# Data provided
#####

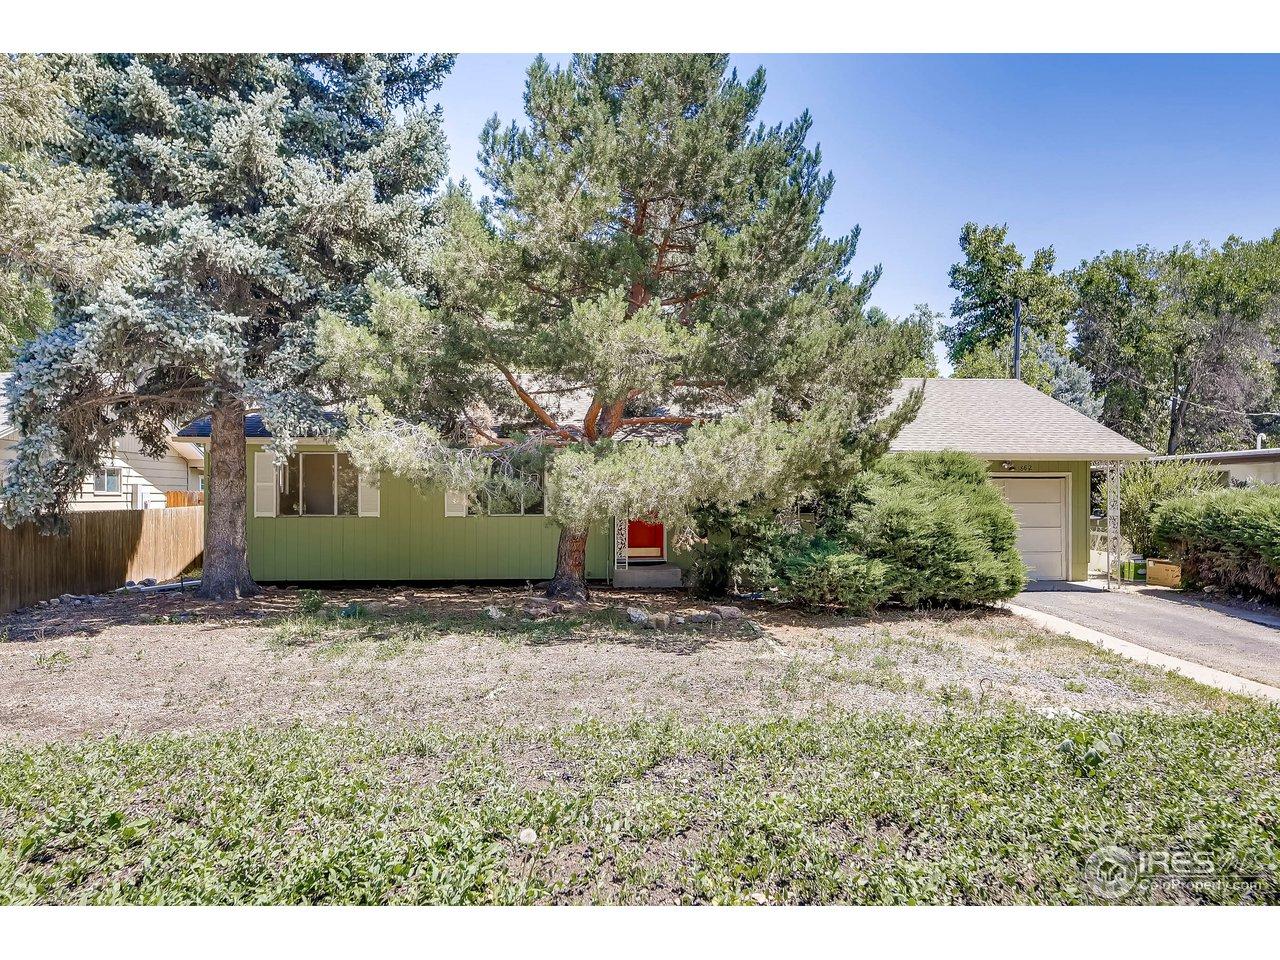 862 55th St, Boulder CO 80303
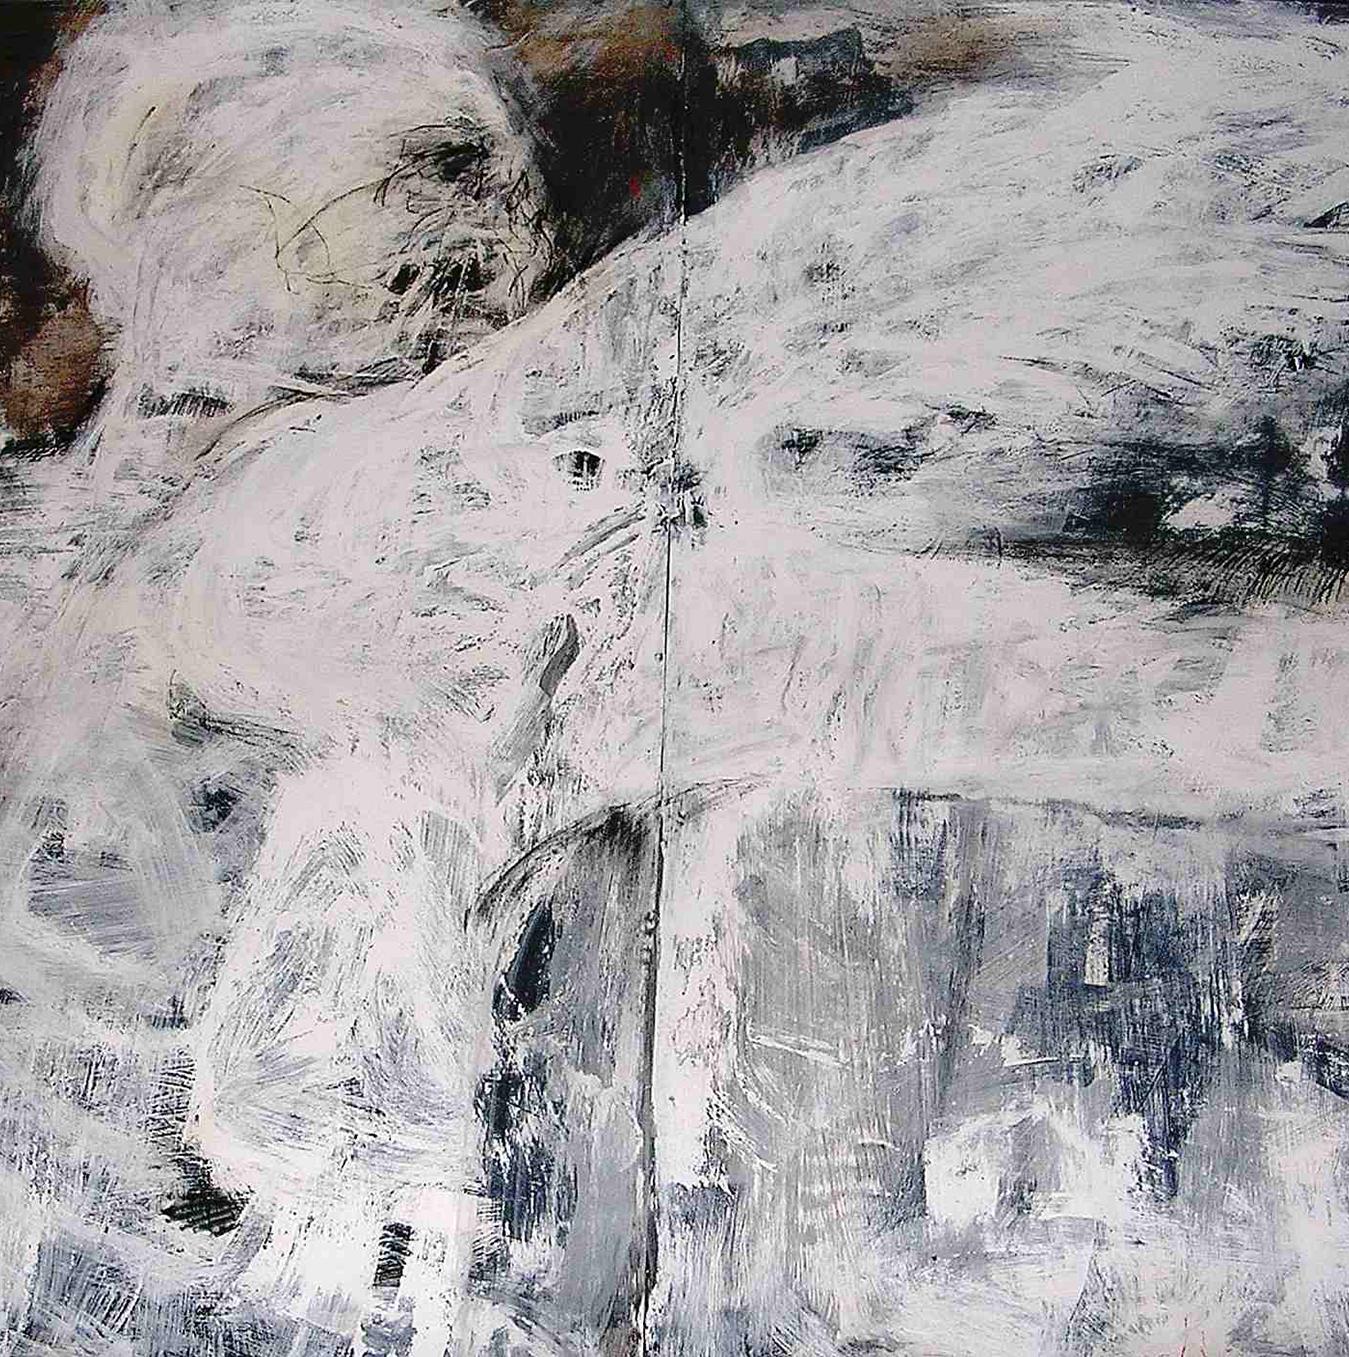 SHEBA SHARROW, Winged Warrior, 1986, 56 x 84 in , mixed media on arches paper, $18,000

#####

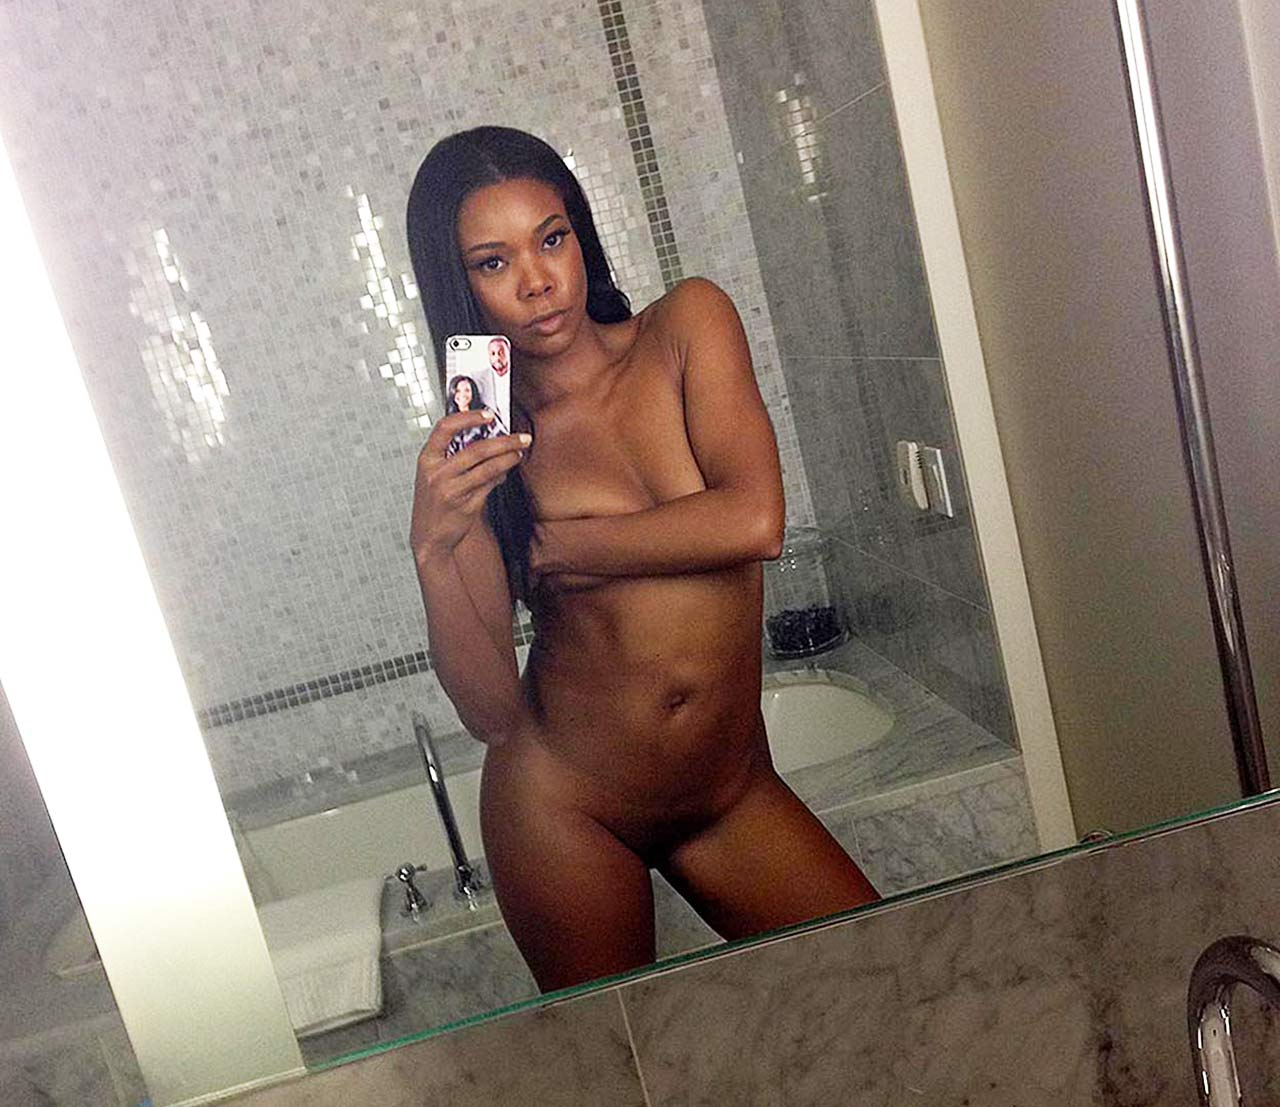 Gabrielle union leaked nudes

#####

# Task requirements
Your answer must be everything above from the line with "862 55th St, Boulder CO 80303" down to the line with "SHEBA SHARROW, Winged", word for word, and no pictures.

# Response area
 862 55th St, Boulder CO 80303
 SHEBA SHARROW, Winged Warrior, 1986, 56 x 84 in , mixed media on arches paper, $18,000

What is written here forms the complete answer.